Viyolonsel çalmak ve mücevher tasarlamak... Anna Hu’nun hayattaki en büyük iki tutkusu. Konservatuarda okurken kronik tendon iltihabı teşhisi konulunca ilk tutkusundan vazgeçmek zorunda kalmış. Tel ve yaylarla arasındaki güçlü bağı taşlara ve değerli metallere aktarmış.
Gemoloji eğitimini sanat tarihi masterı takip etmiş. Van Cleef&Arpels’da değerli taşların alımında çalışmış, Harry Winston’da mücevher üretiminde görev almış. Mücevherin devlerinin yanında kazandığı bu deneyim, gelecekte kuracağı kendi markası için en büyük sermayesi olmuş. Aralık 2008’de, 29 yaşındayken solo olarak sahneye çıkmaya hazır hissetmiş kendini.
Böylece Tayvanlı tasarımcı, ilk butiğinin kapılarını New York’taki Plaza Hotel’de açtı. Doğulu tasarım anlayışını batılı işçilikle bir araya getirdiği tasarımları kısa sürede kendi müdavimlerini yarattı.
Drew Barrymore ve Oprah Winfrey, hayranları arasında. Geçtiğimiz Oscar Töreni’nde Scarlett Johansson da onun tasarımı bir yüzükle çıktı kırmızı halıya.
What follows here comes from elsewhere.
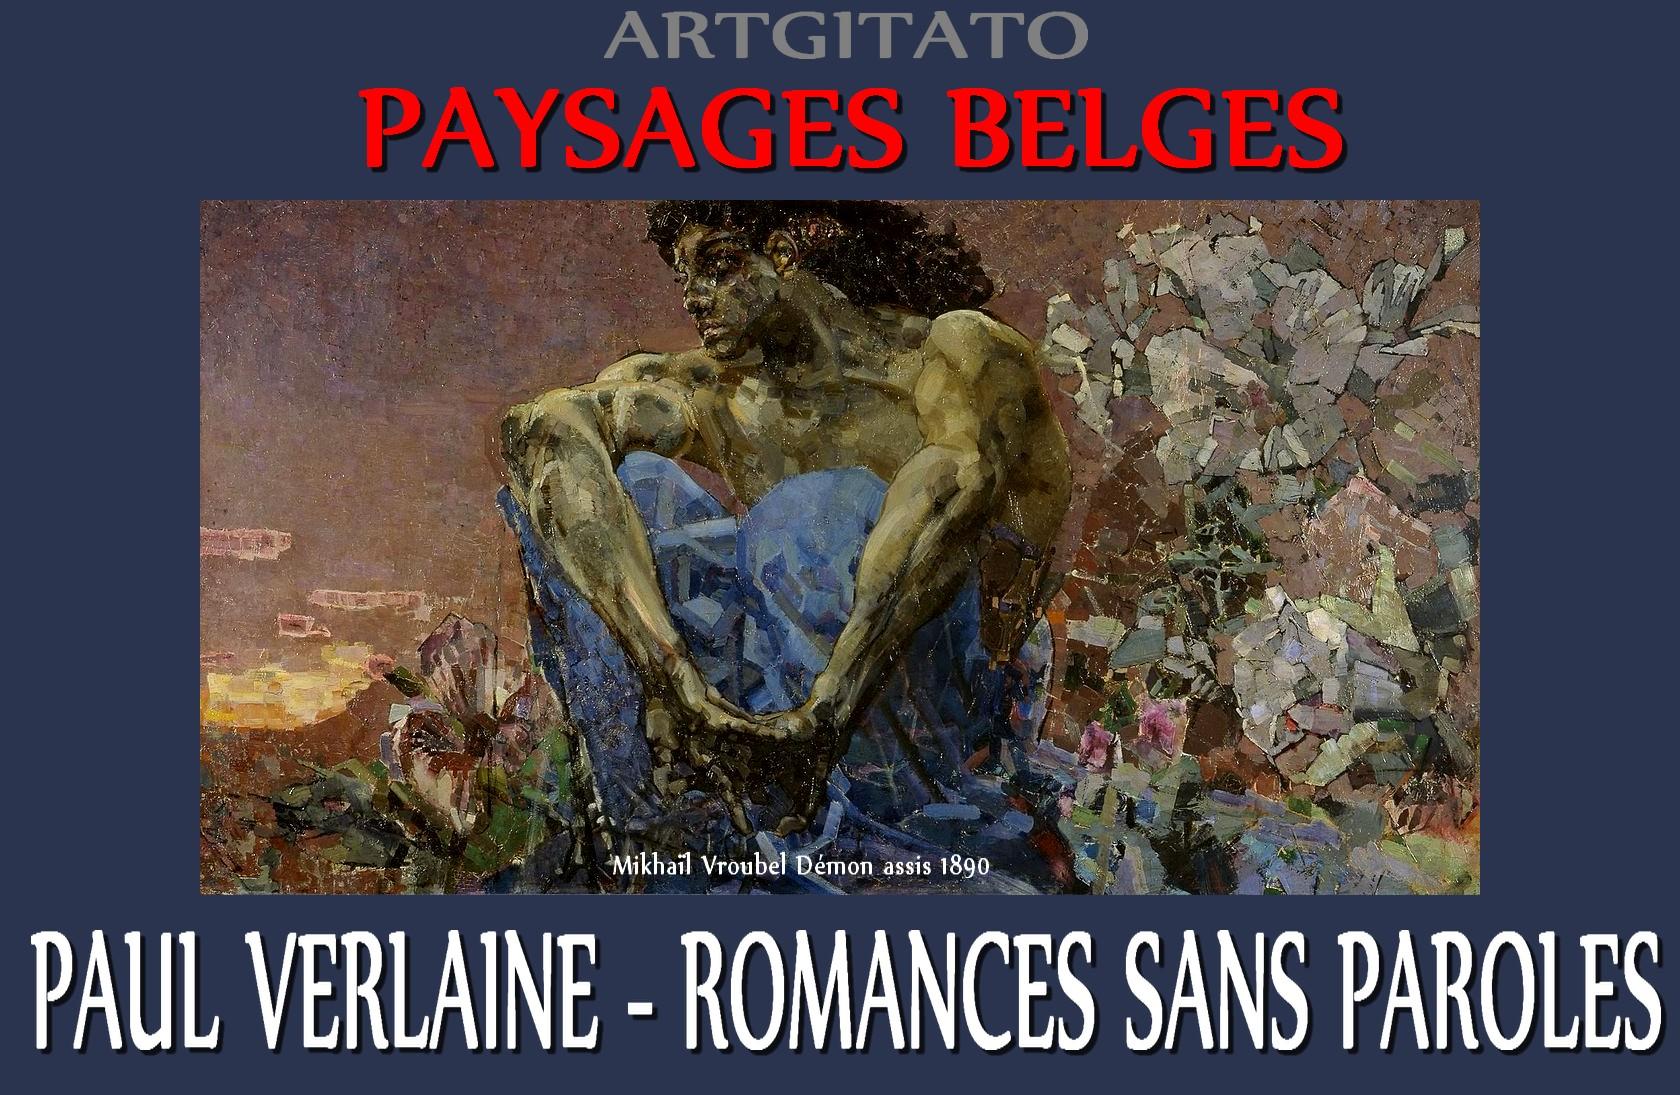 Paysages belges romances sans paroles paul verlaine mikha l vroubel d mon assis 1890

Müzik tutkusu tasarımlarında da kendini belli ediyor. Müzikten ve tanıştığı müzisyenlerden ilham alıyor. Daha sonra müşterisi de olan Madonna, onun için en özeli.
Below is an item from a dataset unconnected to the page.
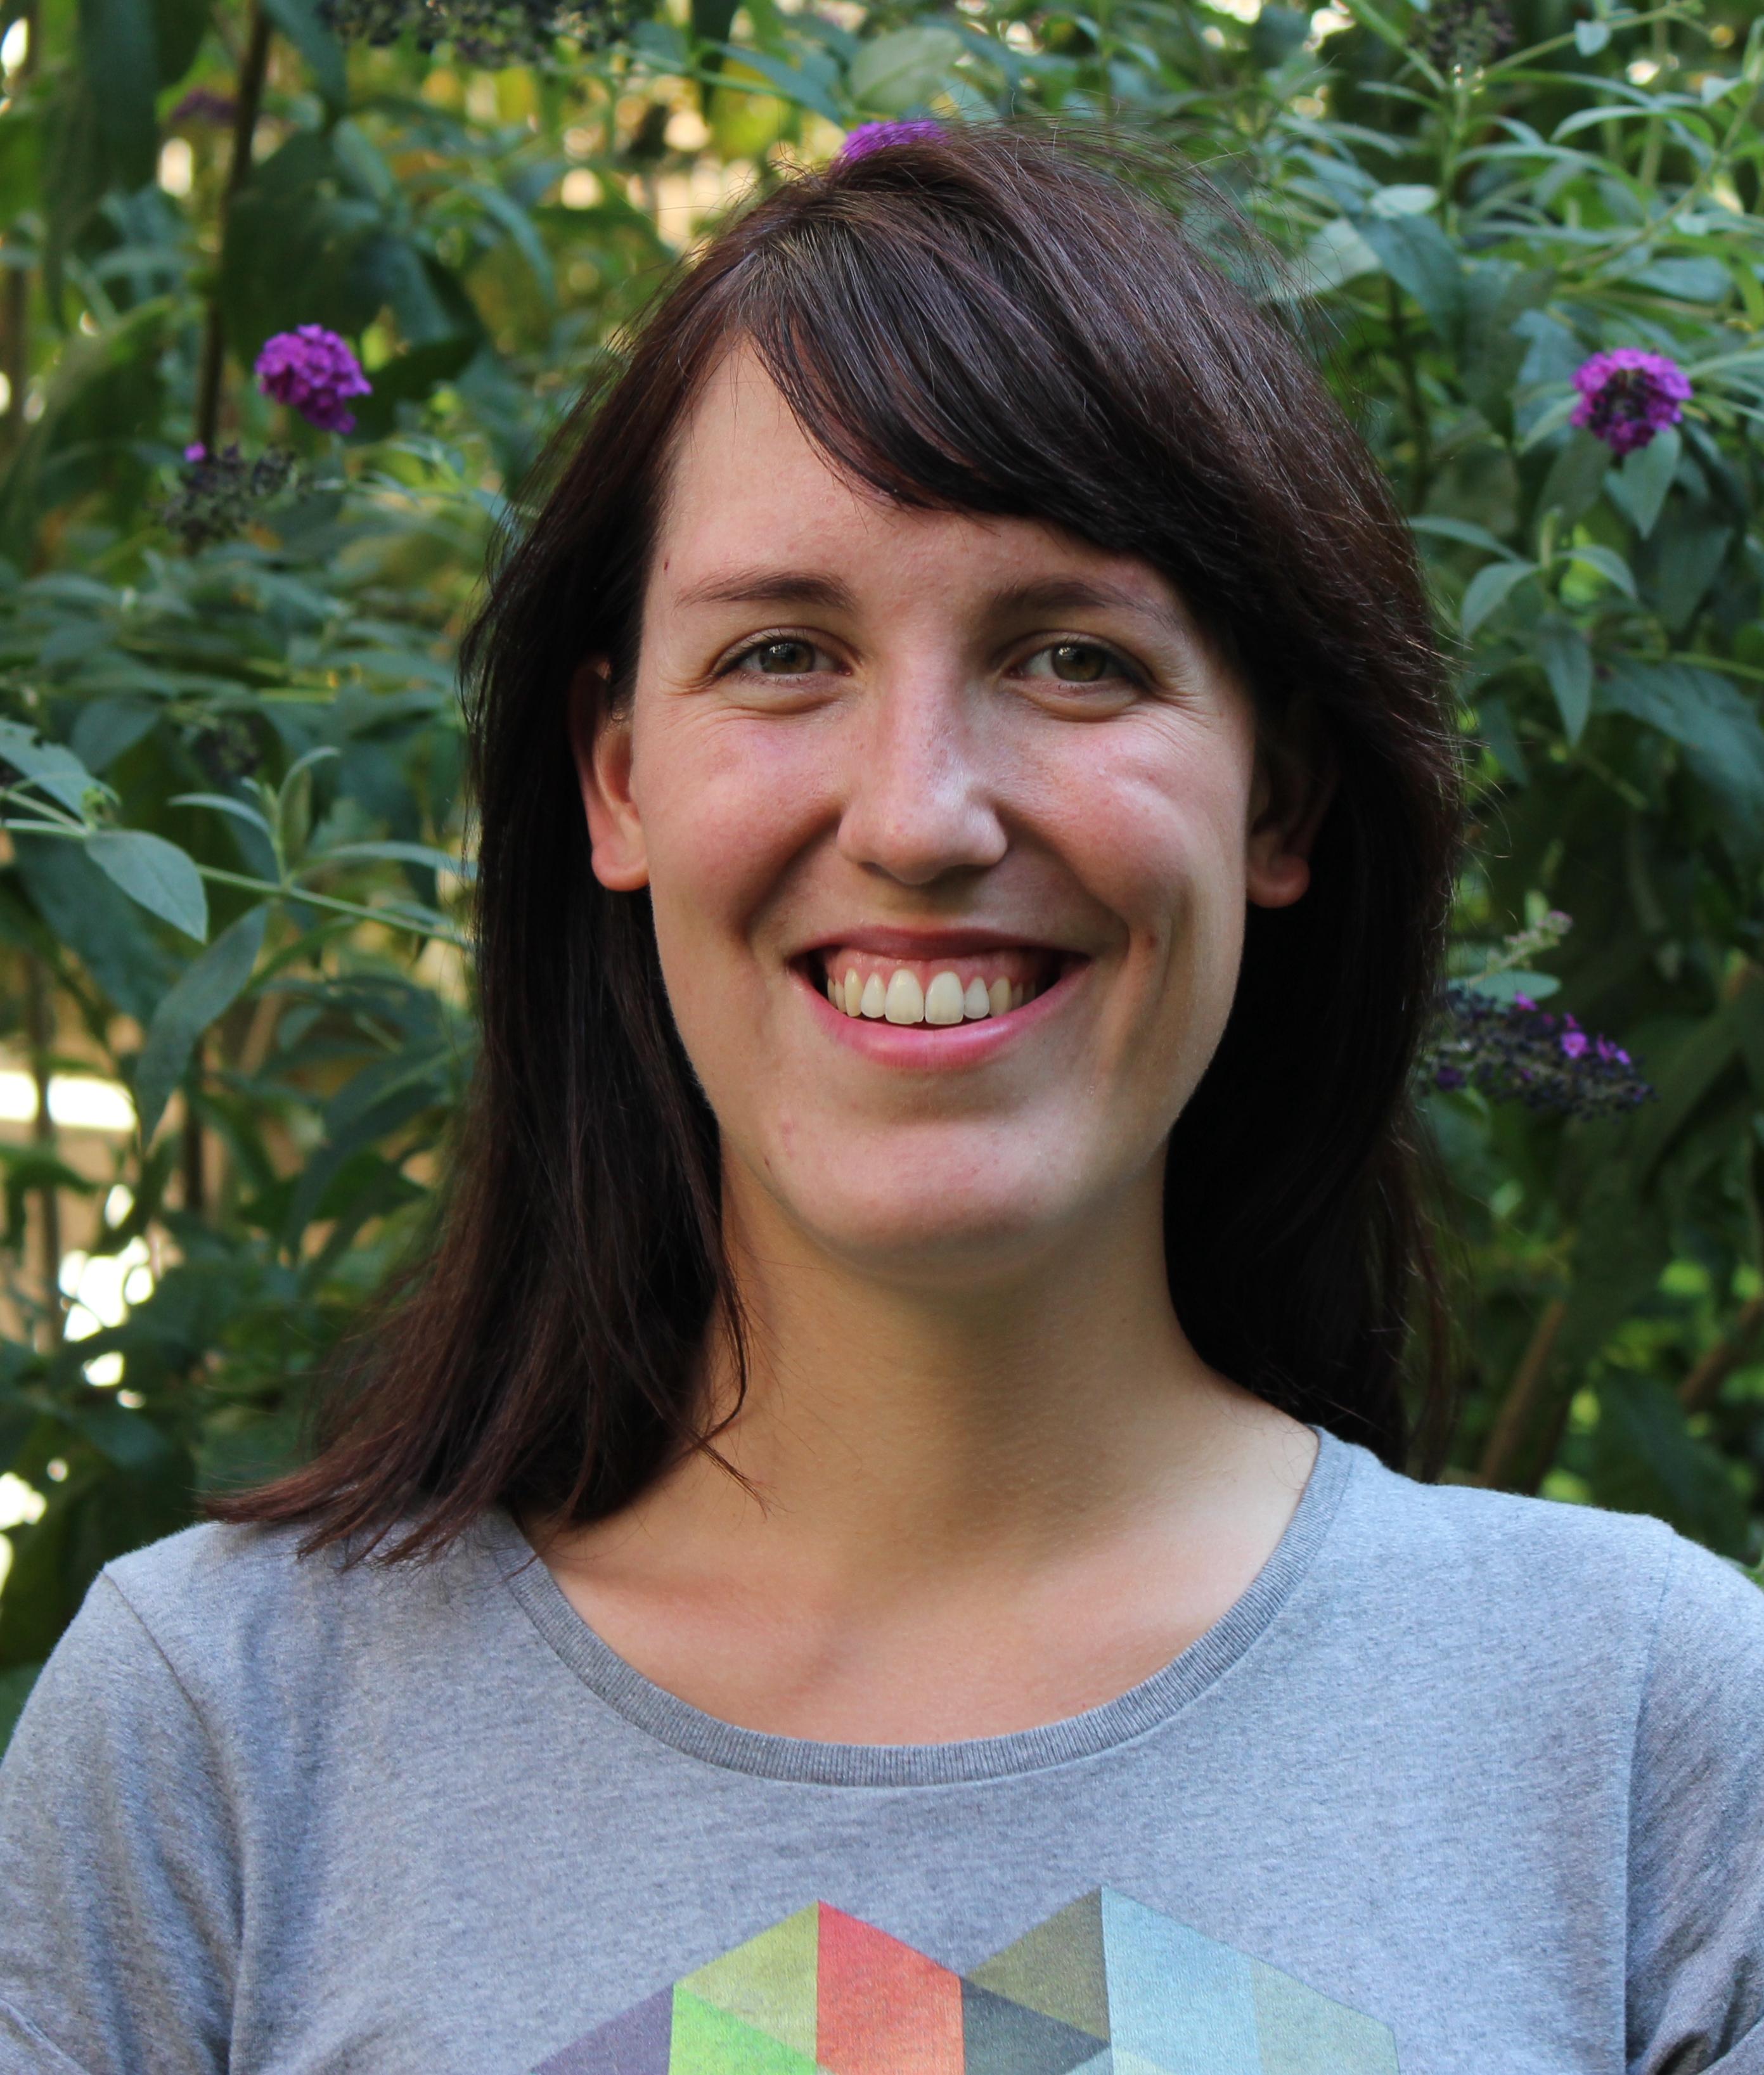 Clarissa Böck, Bezirksrätin, Sucht- und Drogenbeauftragte

Tasarım yaparken mutlaka müzik dinliyor. Bir tasarım gösterin ve “O sırada hangi şarkıyı dinliyordun?” diye sorun. Anında yanıt veriyor. “Müzik dinlemeliyim. Rachmaninoff, Bach, bazen de sadece Pacanini... Müziği içimde hissediyor ve parmaklarımdan tasarımlarıma geçiriyorum” diyor.